Operations director D’Angelo said NOTL doesn’t have any combined sewers and that separate systems are generally cleaner.
However, he also said, the town discovered a few homes in Garrison Village that had their sanitary lines mistakenly connected to the town’s storm water pipes.
The misconnected lines have been fixed since the town first retained engineering company GM BluePlan to find the E. coli source in 2017.
Trees can cause issues for sewer lines as well, because their roots can puncture the concrete lines over time, forming cracks and holes that allow untreated water from sanitary lines to spill out.
D’Angelo said the town uses cameras to inspect the lines for these kinds of cracks and will cut back roots if they become problematic.
“Removal is considered a last resort and efforts are made to preserve trees whenever possible,” he added.
Cracks can also form because of shifting soil, corrosion or aging, he said.
This isn’t the first time the town has had to clean up broken sewer lines.

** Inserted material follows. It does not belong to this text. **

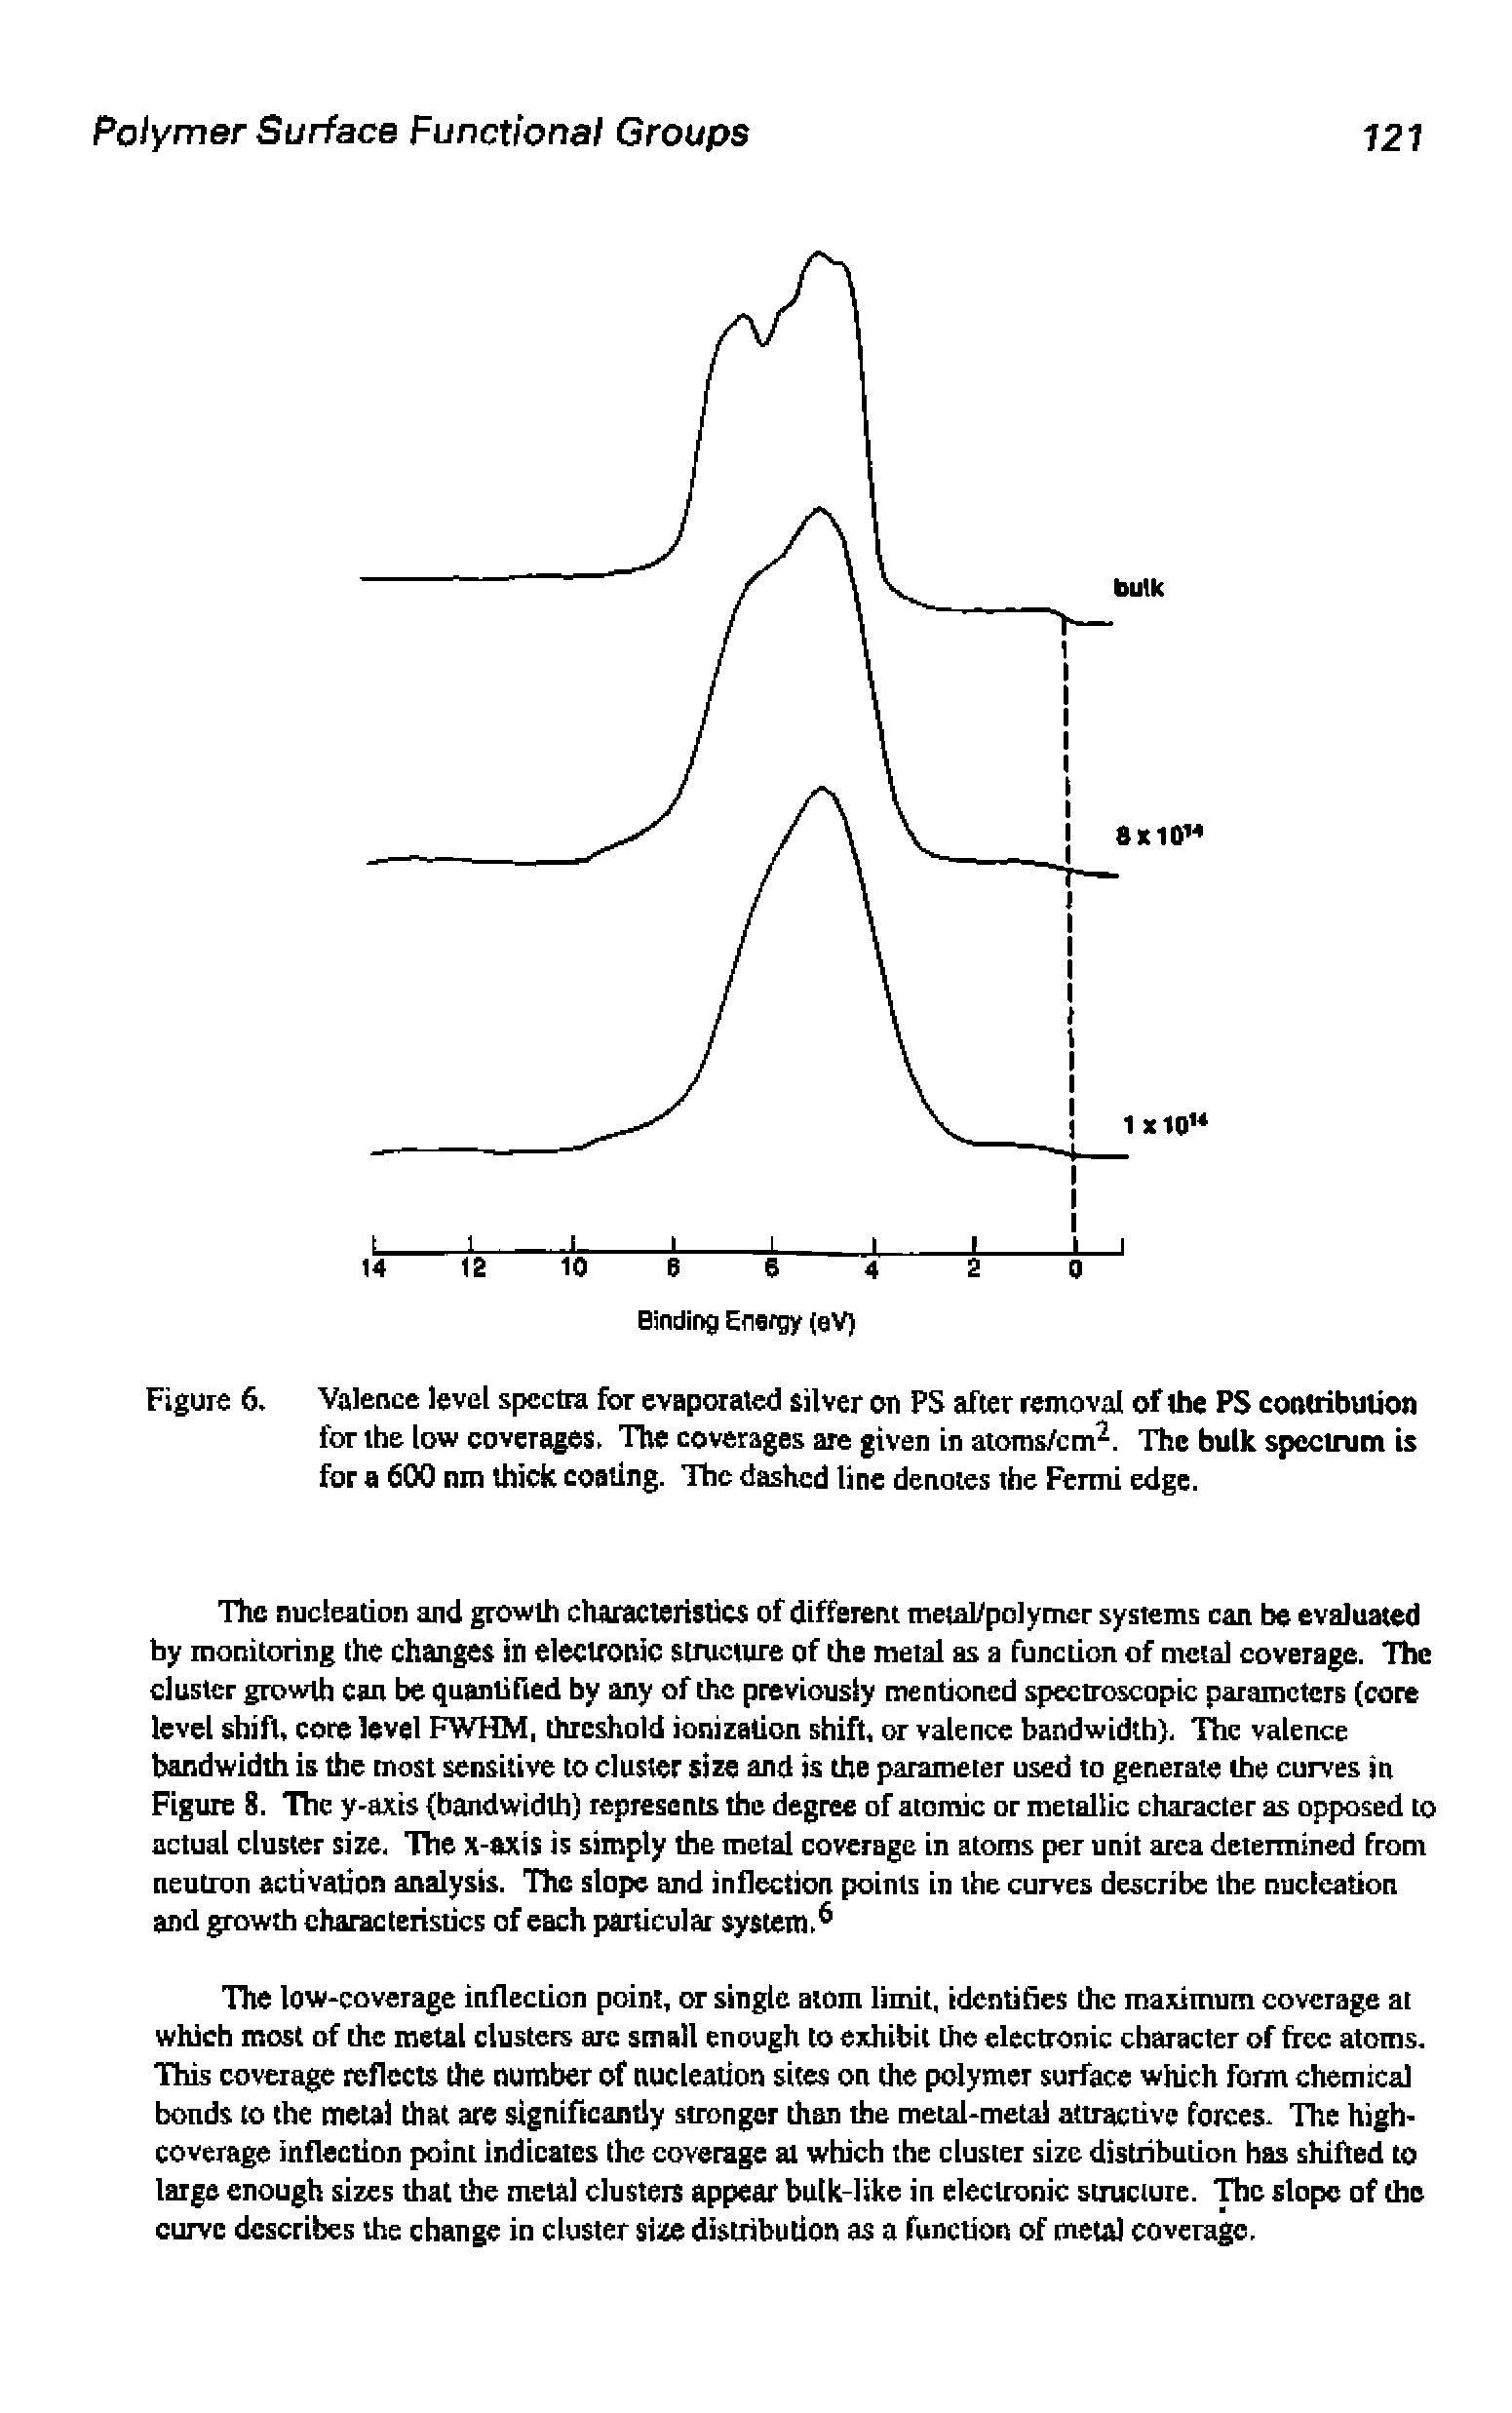 Figure 6, Valence level spectra for evaporated silver on PS after removal of the PS conttibution for the low coverages. The coverages are given in atoms/cm. The bulk spcctium is for a 600 nm thick coating. The dashed line denotes the Fermi edge.

Zalepa pointed out the town had to deal with the same issue at Queen’s Royal Beach.
The public beach became the subject of much scrutiny from The Lake Report in 2019, when it learned of a two-year-long investigation of the E. coli levels at the beach.
In addition to finding high E. coli levels at the beach, the investigation – also led by GM BluePlan – found, “The outfall located at Two Mile Creek has been identified with similar E. coli characteristics as the Queen’s Royal Beach.”

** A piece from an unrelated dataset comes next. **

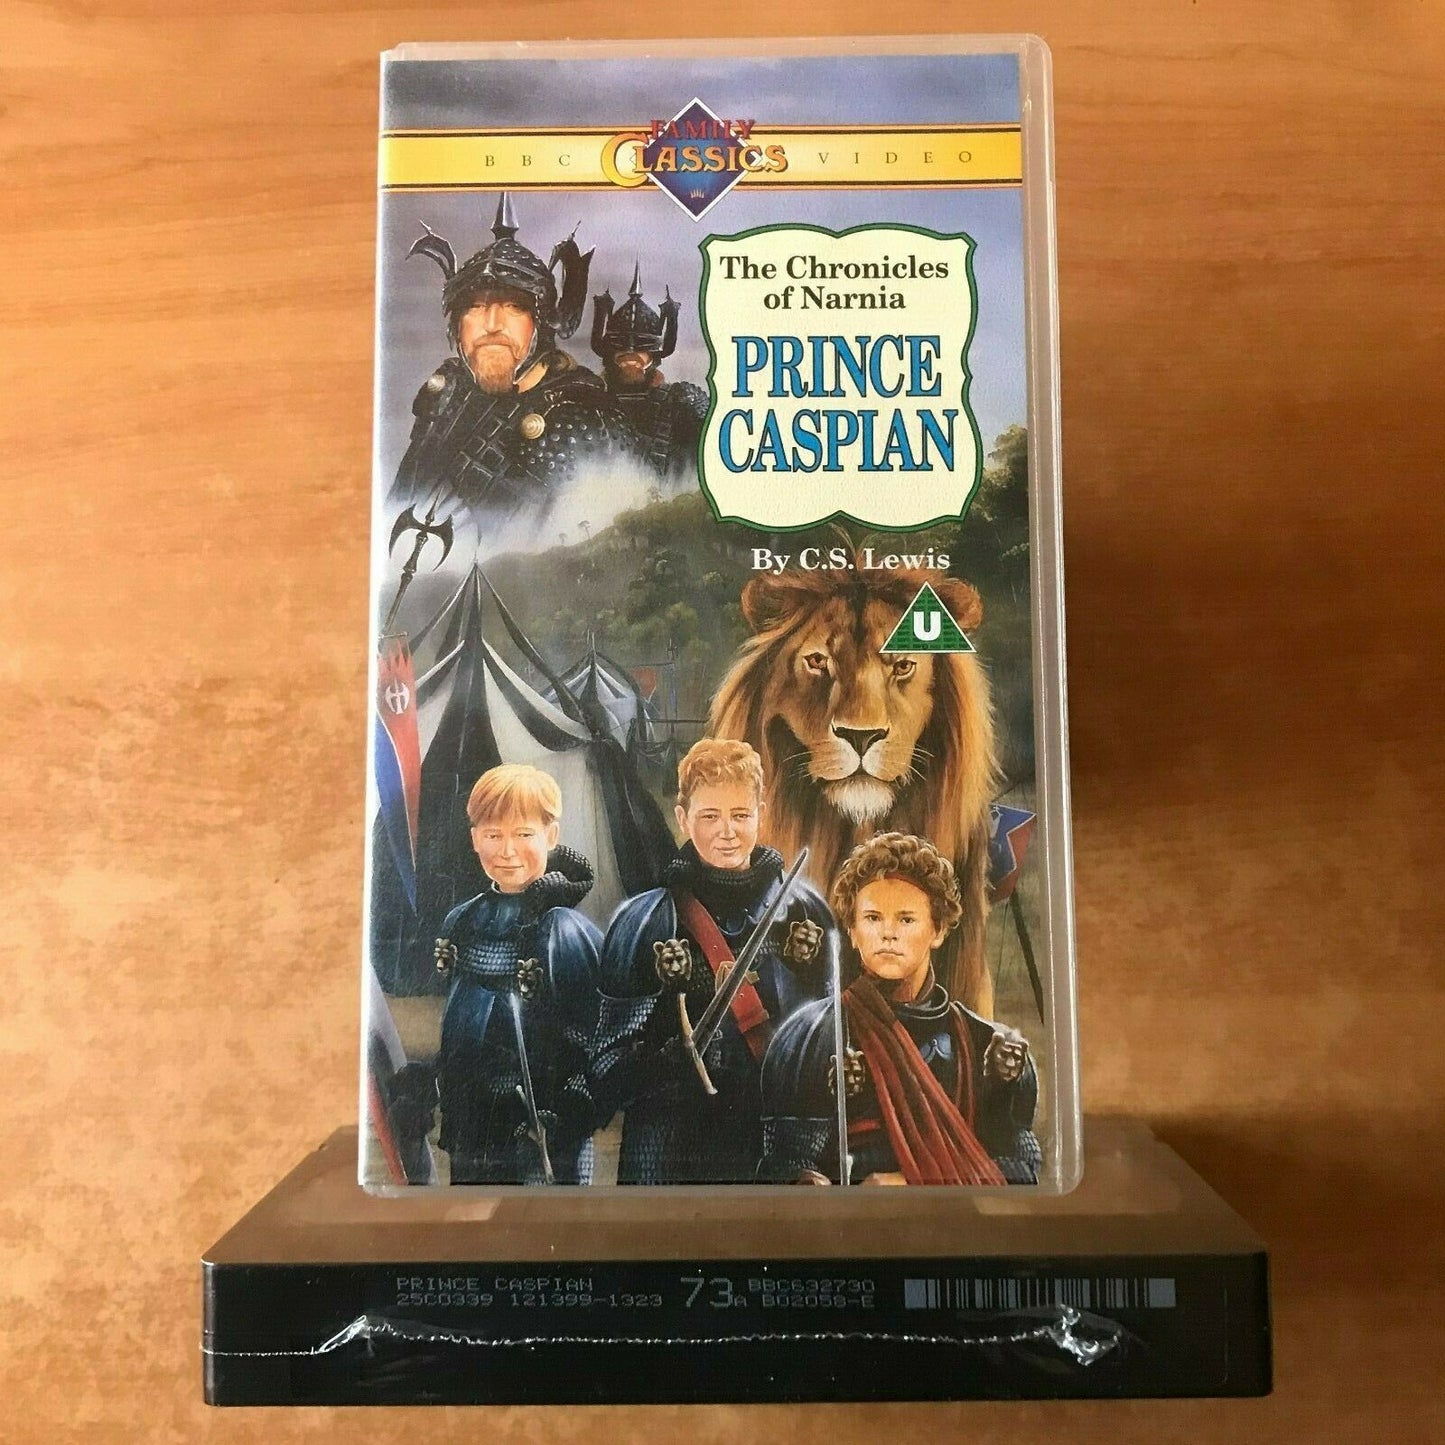 The Chronicles Of Narnia: Prince Caspian [C.S. Lewis] Brand New Sealed - Pal VHS-

By 2021, the Niagara Peninsula Conservation Authority was reporting much lower levels of E. coli at the beach, thanks to a series of infrastructure fixes that cost the town almost $1 million.
“To give credit where it’s due, the municipality of Niagara-on-the-Lake has made some amazing strides,” Ford said.
The waters at Queen’s Royal Beach is tested three times a week from May to September as part of the Niagara River Remedial Action Plan.
And in March 2023, Environment and Climate Change Canada redesignated the water around Queen’s Royal Beach as “not impaired.”
Neither D’Angelo, Wiens nor Zalepa said they were aware of any other leaking sanitary lines in Niagara-on-the-Lake.